My mind reeled as I stood surrounded by evidence of Darren's obsession. These weren't random photos—they chronicled years of my life, carefully curated and arranged chronologically around his study. The earliest appeared to be from my sophomore year of college, nearly seven years ago.

"This can't be happening," I whispered, backing away from the wall of my own face.
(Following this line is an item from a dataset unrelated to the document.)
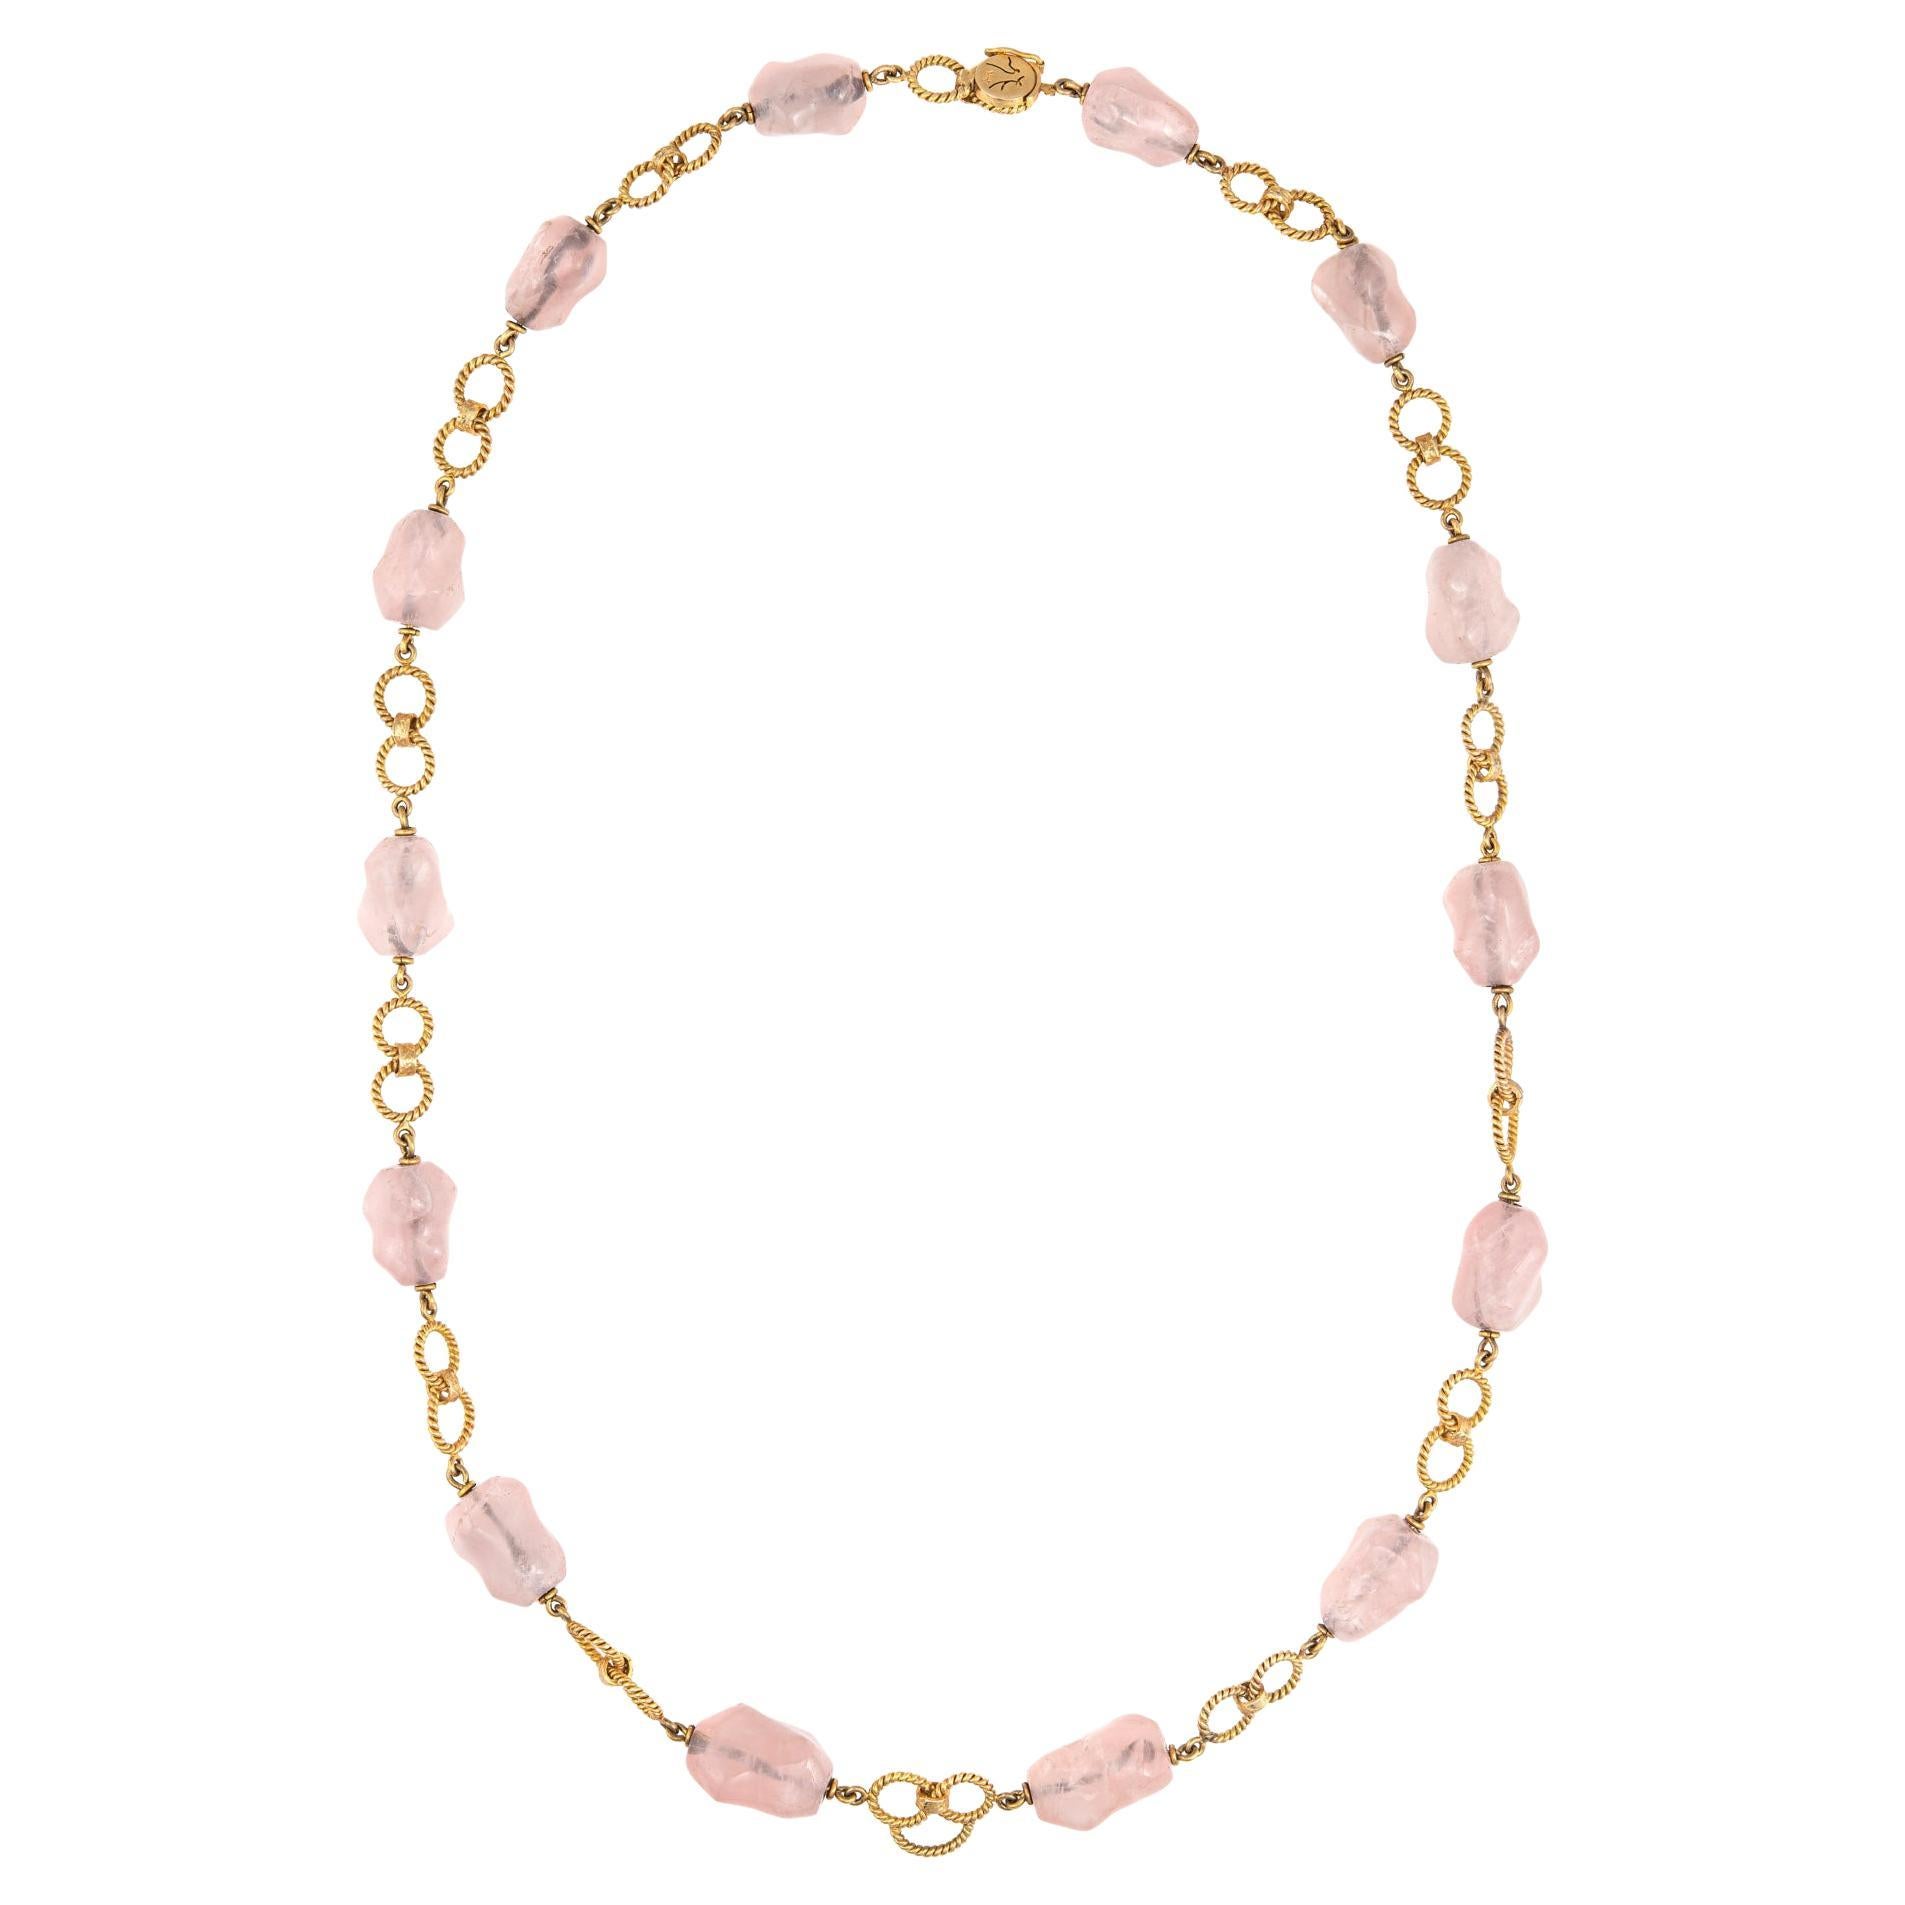 Vintage 70s Rose Quartz Bead Necklace 14k Gold 26.5" Long Strand Round Links For Sale

I bumped against his desk, sending a leather-bound book tumbling to the floor. It fell open, revealing handwritten pages filled with precise, elegant script.

A diary.

I knew I should leave. Get out of the house, call the police, do something rational. Instead, I picked up the journal with shaking hands and began to read.

*March 17*

*Saw her again today. The café on Seventh. She sketches when she thinks no one is watching. Charcoal smudges on her fingers. I wonder what she's designing. I wonder if she'd design something for me if I asked. She wouldn't. Not yet.*

*April 2*

*Father wants me to consider the merger with Westbrook Industries. I told him I have other investments in mind. He doesn't understand. Some acquisitions take time. Patience. The best ones always do.*

I flipped ahead, my heart hammering against my ribs.

*November 10*

*She lost the design competition today. The judges were blind. Her work transcends their mediocre tastes. I purchased her rejected collection anonymously. One day she'll understand the value of what she creates.*

With growing horror, I realized the diary entries spanned years. Years during which Darren Allen had apparently been watching me from afar, collecting moments from my life like souvenirs.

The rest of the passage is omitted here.